National Union of Distributive and Allied Workers
- Predecessor: Amalgamated Union of Co-operative Employees National Union of Warehouse and General Workers
- Merged into: Union of Shop, Distributive and Allied Workers
- Founded: 1 January 1921
- Dissolved: 1 January 1947
- Headquarters: 122 Wilmslow Road, Manchester
- Location: United Kingdom;
- Members: 274,000 (1946)
- Affiliations: Labour, TUC, STUC

= National Union of Distributive and Allied Workers =

Former trade union of the United Kingdom

The National Union of Distributive and Allied Workers (NUDAW) was a trade union in the United Kingdom.

==History==
The union was founded in 1921 when the Amalgamated Union of Co-operative Employees merged with the National Union of Warehouse and General Workers. The Co-operative Insurance Staff Union split in 1922, but several small unions joined during the 1920s, and membership reached 96,000 by 1926, rising to 274,000 in 1946, the year that the Journeymen Butchers' Federation of Great Britain joined. By this point, four-tenths of its members were women.

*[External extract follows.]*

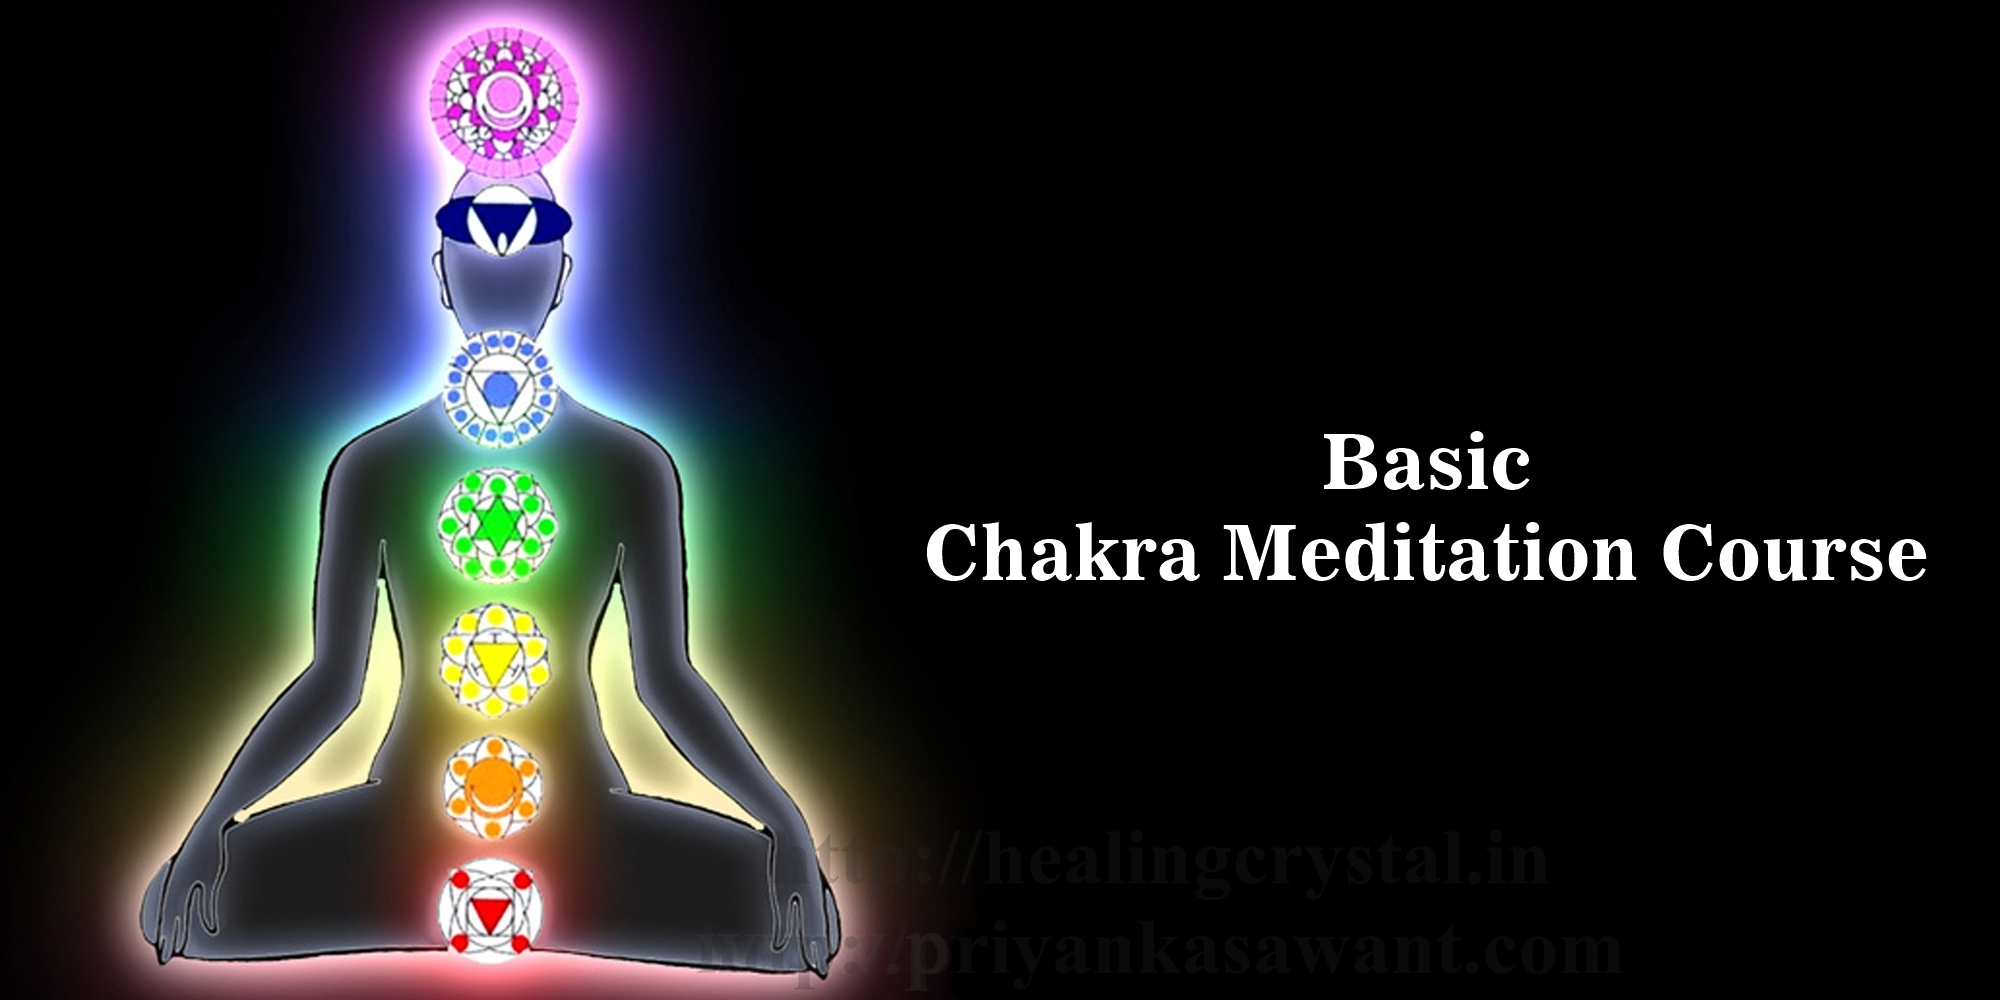 Basic Chakra Meditation Course

In 1947, NUDAW merged with the National Amalgamated Union of Shop Assistants, to form the Union of Shop, Distributive and Allied Workers. Joseph Hallsworth was General Secretary of the union for its entire existence.

==Election results==
The union stood a large number of Labour Party candidates, many of whom won election.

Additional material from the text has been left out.